In 2013 the World Bank announced that it would impose a 10-year ban on SNC-Lavalin and more than a hundred of its affiliates based on its finding of misconduct on an SNC-Lavalin project in Bangladesh. That same year the company was forced to disclose that money falsely attributed to a gas project in the United Arab Emirates had in fact been used for payments to "unknown agents." In 2014 the Swiss authorities' investigation of the company's former executive vice president ended with his indictment on charges of money laundering, fraud, and corruption, and Canadian authorities in turn pursued their own criminal charges against him and other current and former SNC-Lavalin senior executives.

Despite sweeping changes in leadership and the implementation of a new global ethics program, SNC-Lavalin is still facing federal charges arising from the widespread findings of corporate fraud and corruption, and the penalties could include complete disbarment from all Canadian public works projects for up to a decade. Hearings are expected to begin in 2018.

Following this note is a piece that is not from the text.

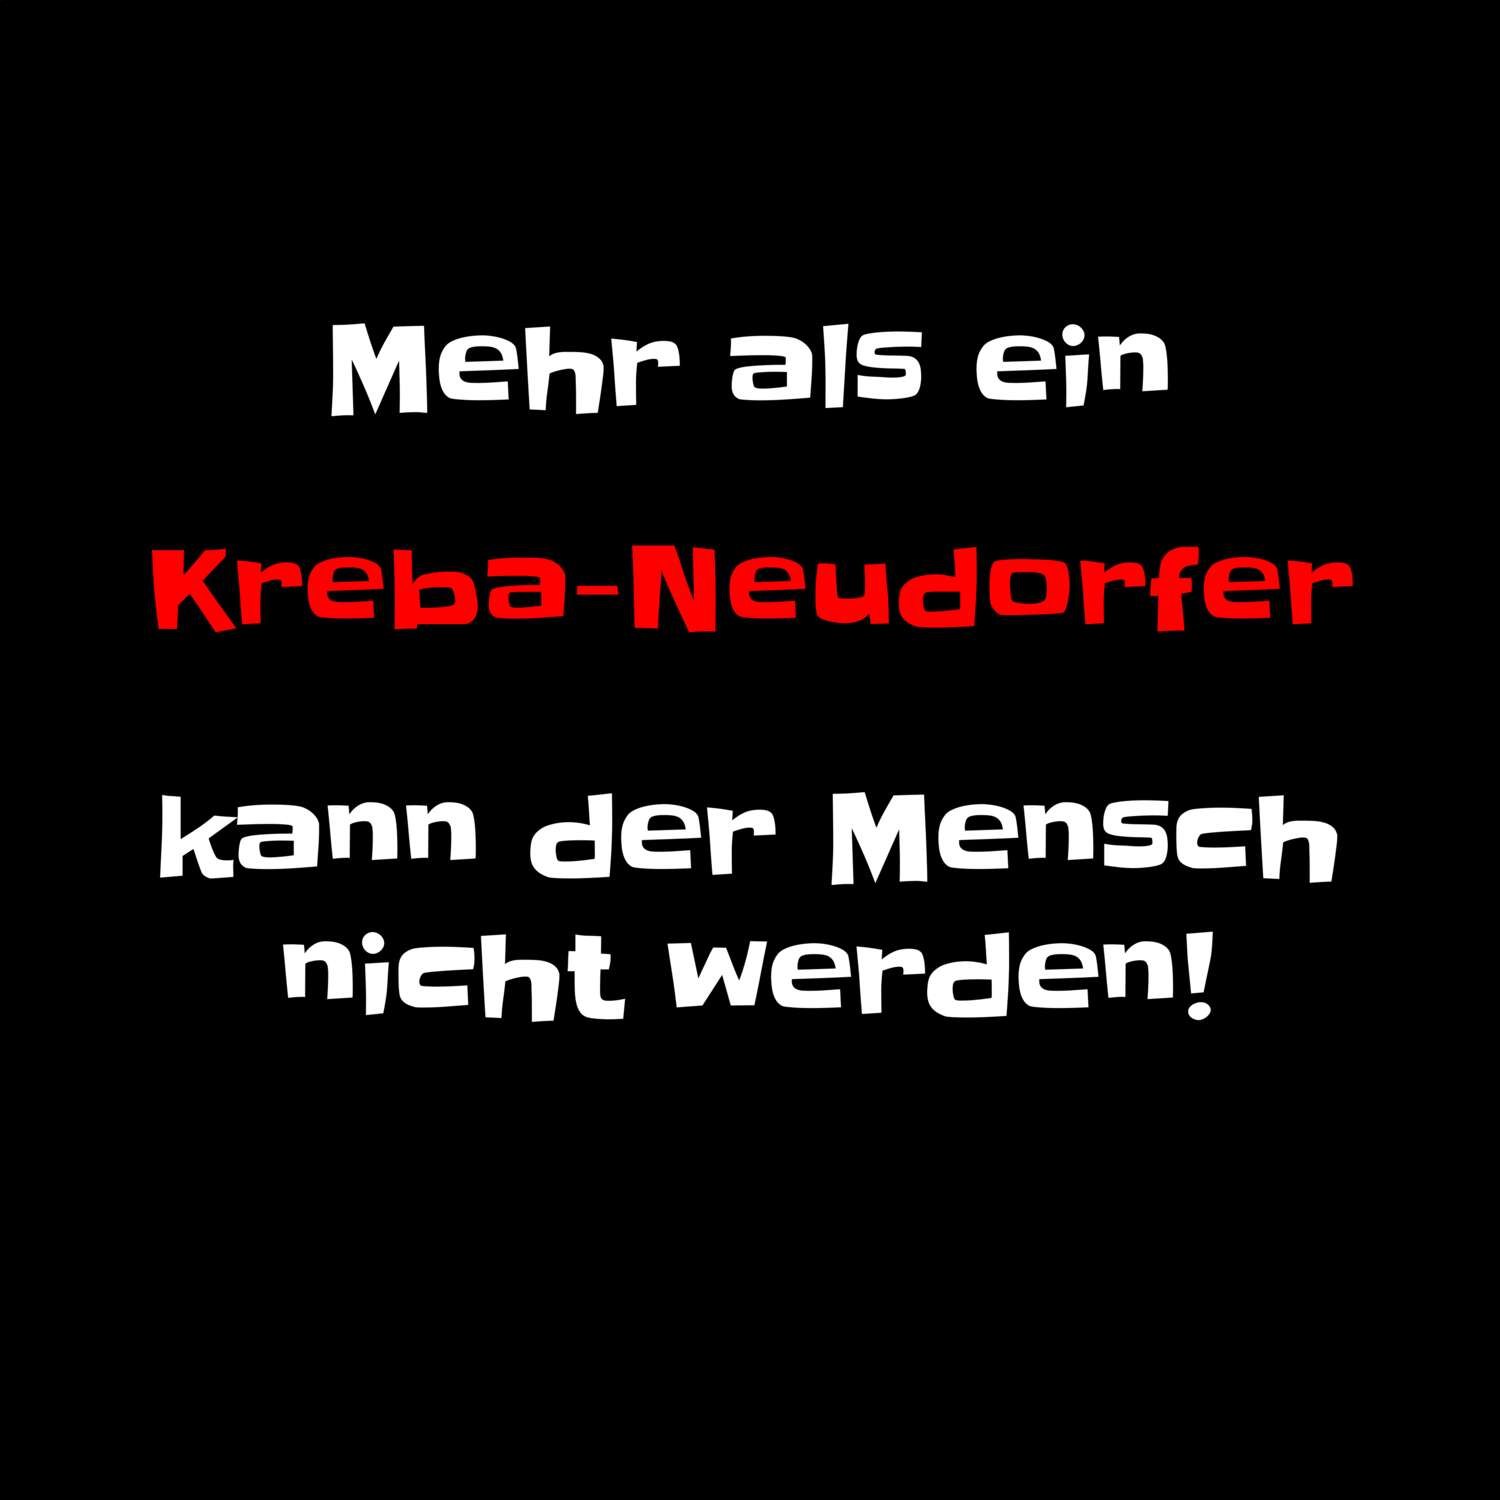 Kreba-Neudorf T-Shirt »Mehr als ein«

If the executives involved in this case had been ASCE members, how would their actions have violated ASCE's Code of Ethics?


Canon 6 of the code reads as follows: "Engineers shall...act with zero tolerance for bribery, fraud, and corruption," and canon 5 states that engineers "shall build their professional reputation on the merit of their services and shall not compete unfairly with others." Category (a) in the guidelines to practice for canon 5 also is germane: "Engineers shall not give, solicit, or receive, either directly or indirectly, any political contribution, gratuity, or unlawful consideration in order to secure work."

Though canons 5 and 6 are explicit in proscribing bribery and corruption, a review of the SNC-Lavalin case suggests a number of other infractions of ASCE's code: a failure to serve clients and employers faithfully, as required by canon 4; a lack of truthfulness, in violation of canon 3; and an overall rejection of the canon 1 mandate to protect the public interest. Had this case involved ASCE members, it is likely that the Committee on Professional Conduct would have found that the members had violated as many as five of the code's canons. 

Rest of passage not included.